Her gaze locked with his as she tried to absorb the reality that somebody hated her so badly, that person actually wanted to see her dead. Or, at best, didn't care if his...or her...attempts to frighten her resulted in her death. Jake stared back, his expression grim, his eyes hard as if he would force her to accept that frightening truth.

"You warned me they might not want me." Rebecca's words came out in a whisper. She had no energy to speak louder. "You didn't warn me they might—" She swallowed, unable to continue.

His expression softened, and he started to lift his arms.
"What happened?"
Rebecca whirled around to see that Doris had come down the walk to join them.
"My brakes went out," she said dully.

Doris folded her arms in a self-protective, hugging gesture. As she looked from the cars to Rebecca then to Jake, Rebecca saw something she couldn't identify on Doris' face, in her eyes.

"Is your car drivable, Jake?" she asked.

"Yeah, Rebecca wasn't going fast enough to hurt it."

"Then you both need to get in that car and go back to Dallas tonight. Right now. You can send a tow truck for Rebecca's car tomorrow. I'm sorry, but you can't stay with me. I've brought Rebecca's luggage down." She gestured to the bags sitting behind her. "You must leave now."

The sting hit Rebecca with as much physical force as a slap in the face.

Doris turned and walked back to her house. She'd lost her relaxed posture. Now her walk reminded Rebecca of Mary Jordan's...rigid, stiff, unbending.

"What the hell?" Jake exclaimed.
Rebecca couldn't answer. If she opened her mouth, if she tried to speak, she'd burst into tears.
Doris had offered her kindness and caring and a place in her life, then snatched it away.
It was eerily similar to discovering she was adopted.
Except her parents hadn't deliberately kicked her into the dark void of a black hole.
Doris Jordan had.

 

 

Chapter 18

 

November 5, 1979, Edgewater, Texas

Mary closed the door behind Clyde.

He had driven her by her bank, and she'd closed out Ben's and her account, taking the balance in cash. Then he'd brought her home, lingering on the porch, expressing his sympathy and urging her to let him know if he could do anything. She'd had to fight the urge to confess everything to him, beg for his help.

But she'd reminded herself not only that she could trust no one, but that if she did trust him, he might meet the same fate as Ben. She was on her own. It was the only way she could hope to get through this and save her baby.

Now she looked around her at the home she hadn't seen since the day Charles and Clyde had come to tell her about Ben. The sight of the familiar room, the blue sofa she and Ben had discovered in his parents' attic, the lamp they'd both fallen in love with the minute they saw it in the store...the home they'd created together...brought hot tears to her eyes. For a moment she wavered. For a moment she wasn't sure she had the strength to carry on.

Ben was gone. He wasn't coming back.

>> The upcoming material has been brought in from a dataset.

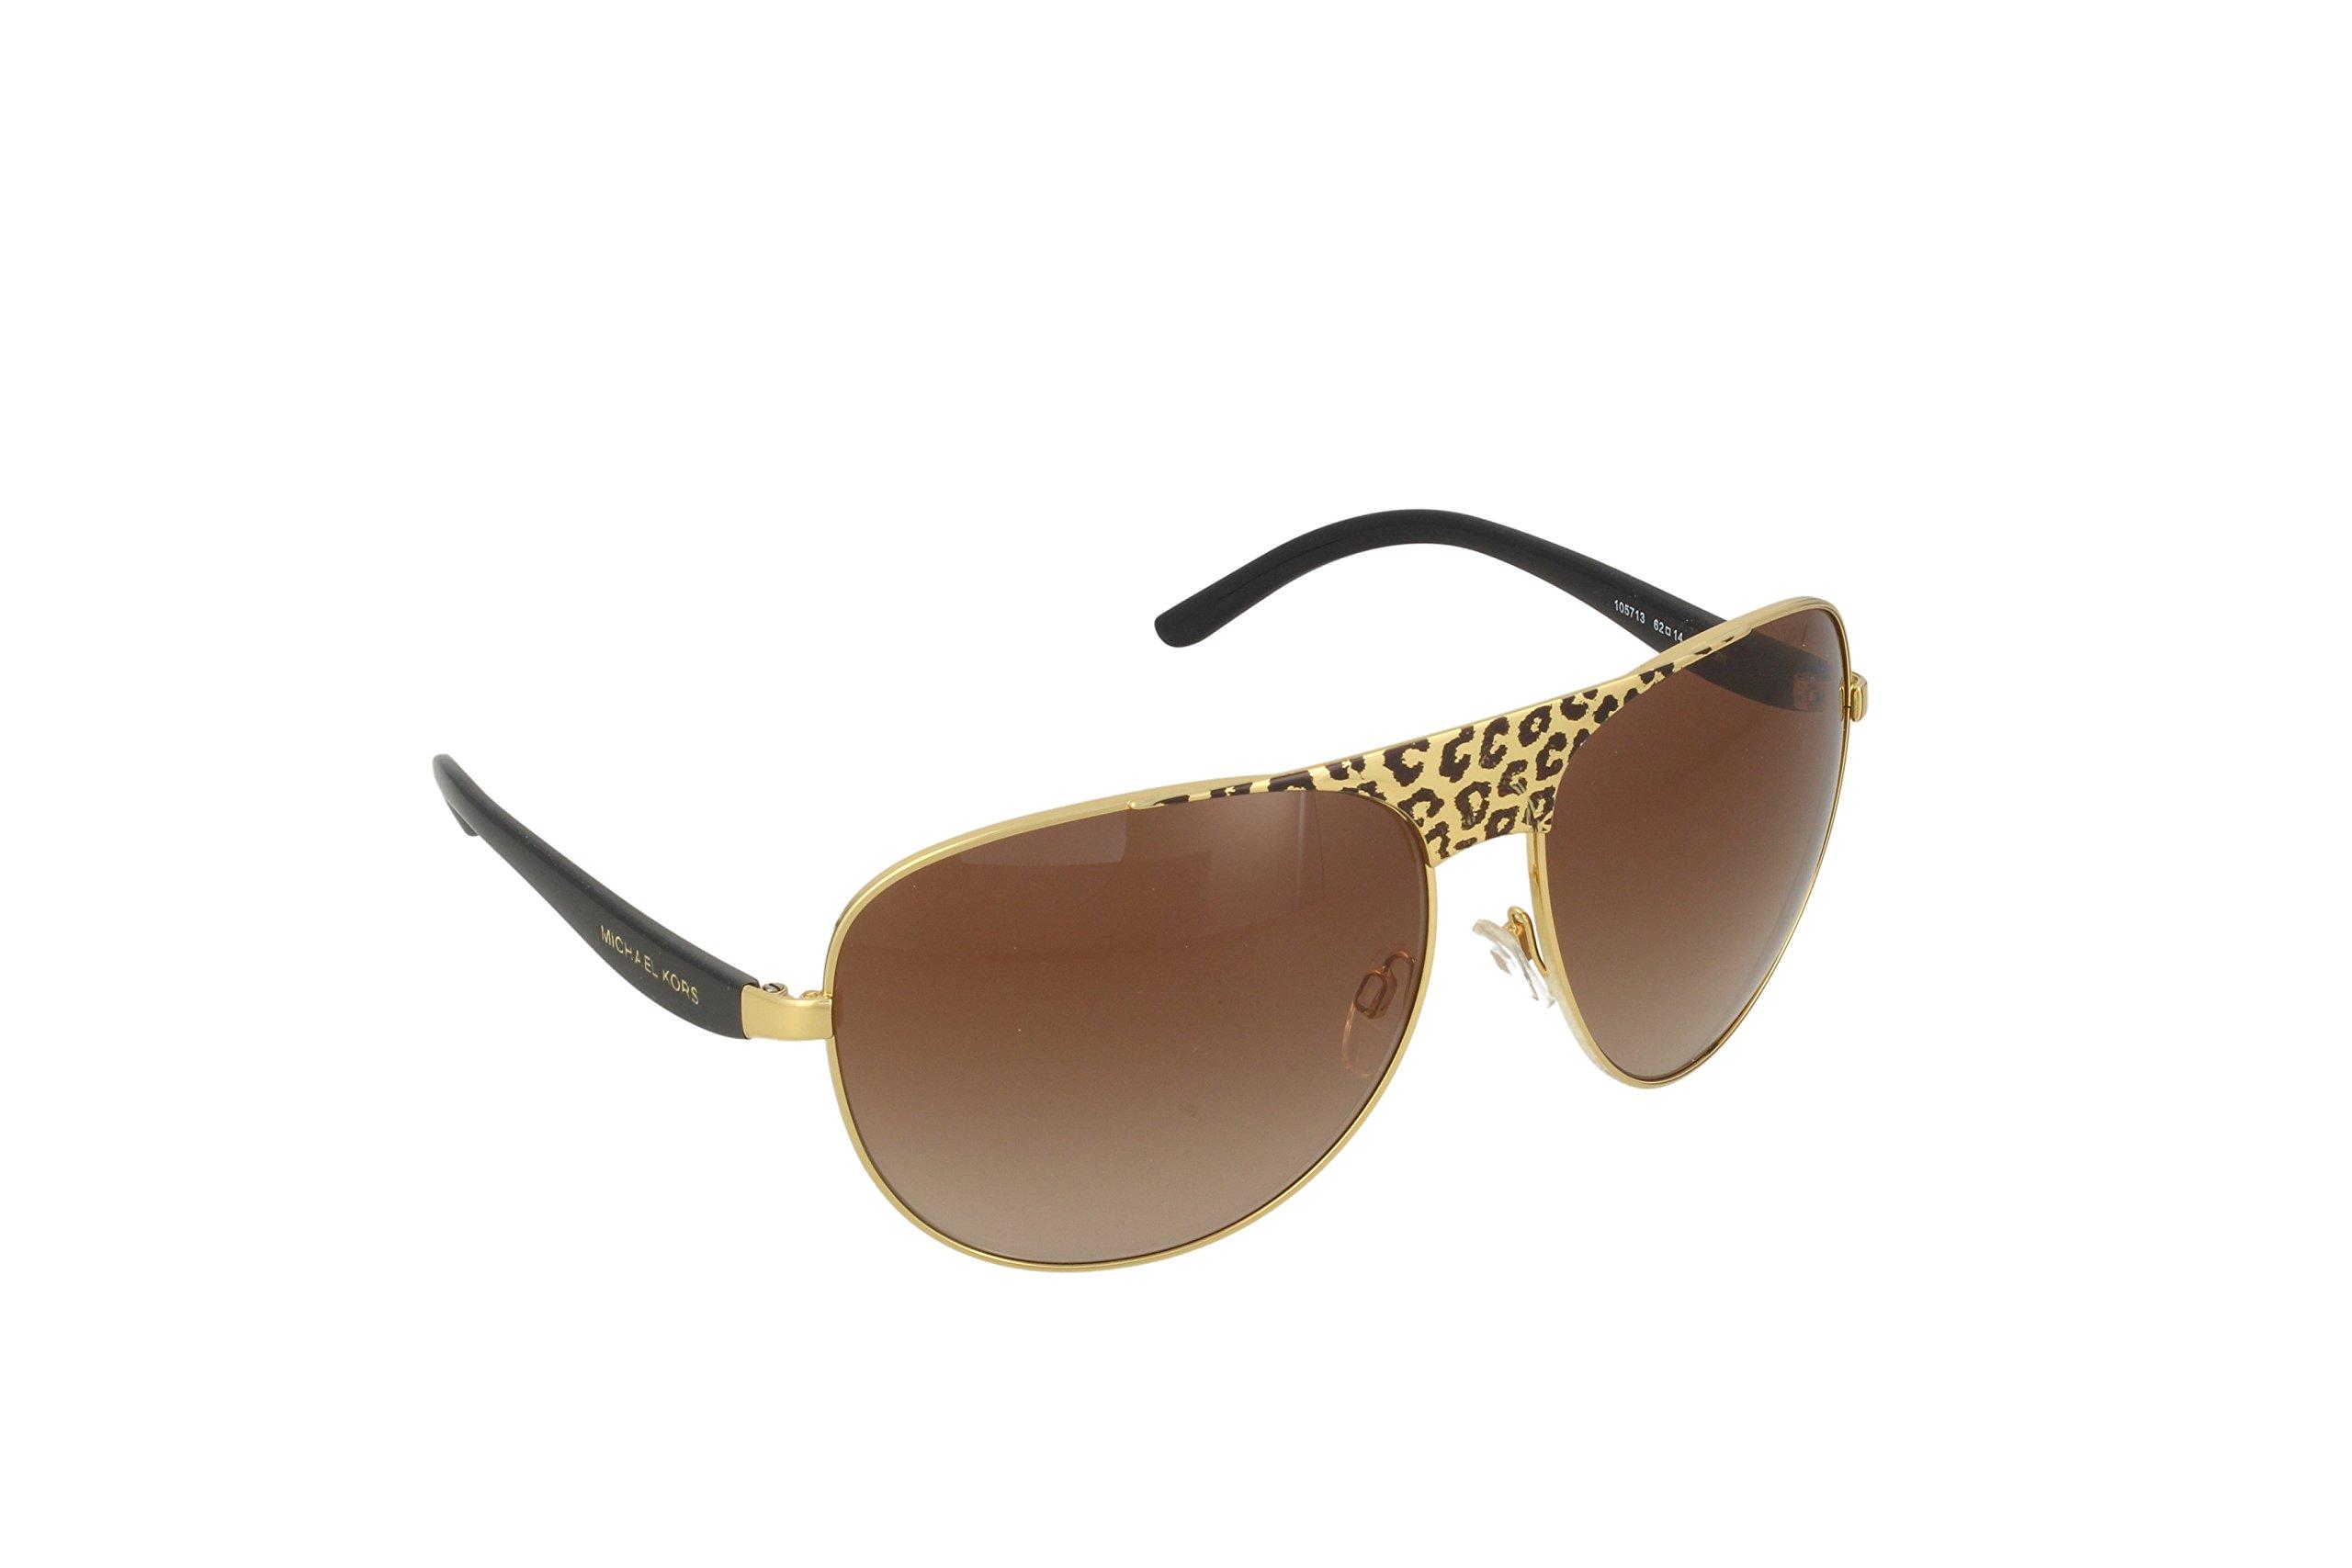 Ray Montures Femme Gold LunettesNoir ban 105713 De black62 Leopard tQrdhs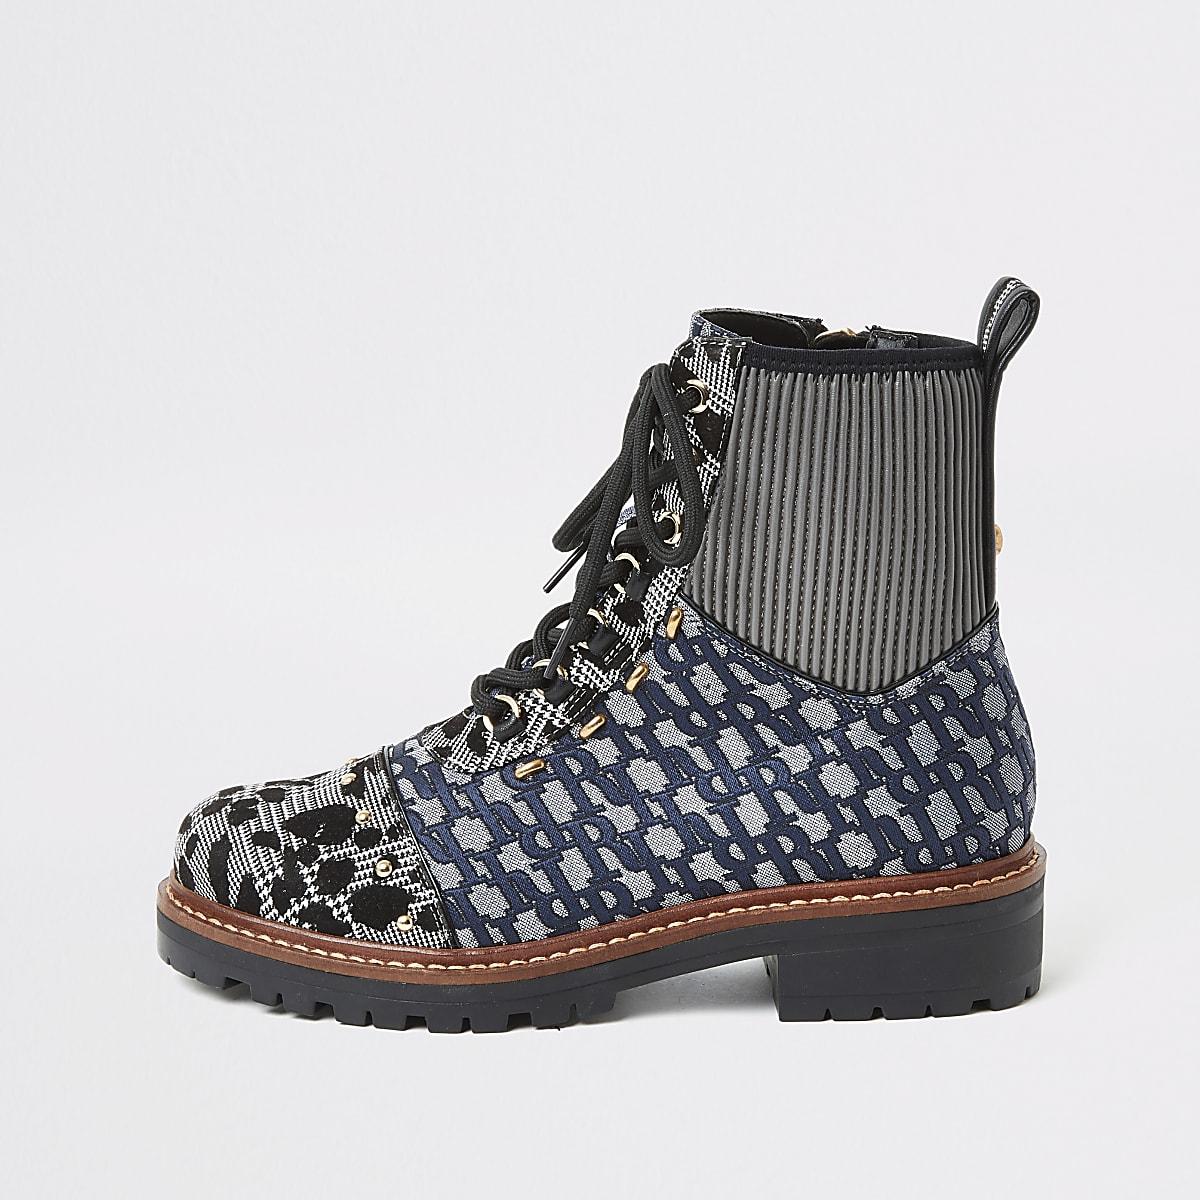 Blauwe wandelschoenen met print en vetersluiting

He'd never walk through that door again, never sit on that sofa again, never wrap his big arms around her and hold her again.

Something fluttered beneath her breast like butterfly wings.
Her baby? Movement this soon?
It reminded her why she had to go on, why she couldn't even stop to cry.
She turned her back on the living room, ran upstairs to Ben's and her bedroom and yanked their big suitcase out of the closet.

For a moment, she stood in the middle of the room with the suitcase open on the bed, paralyzed with thoughts of so much to do, where to start, what she ought to take with her.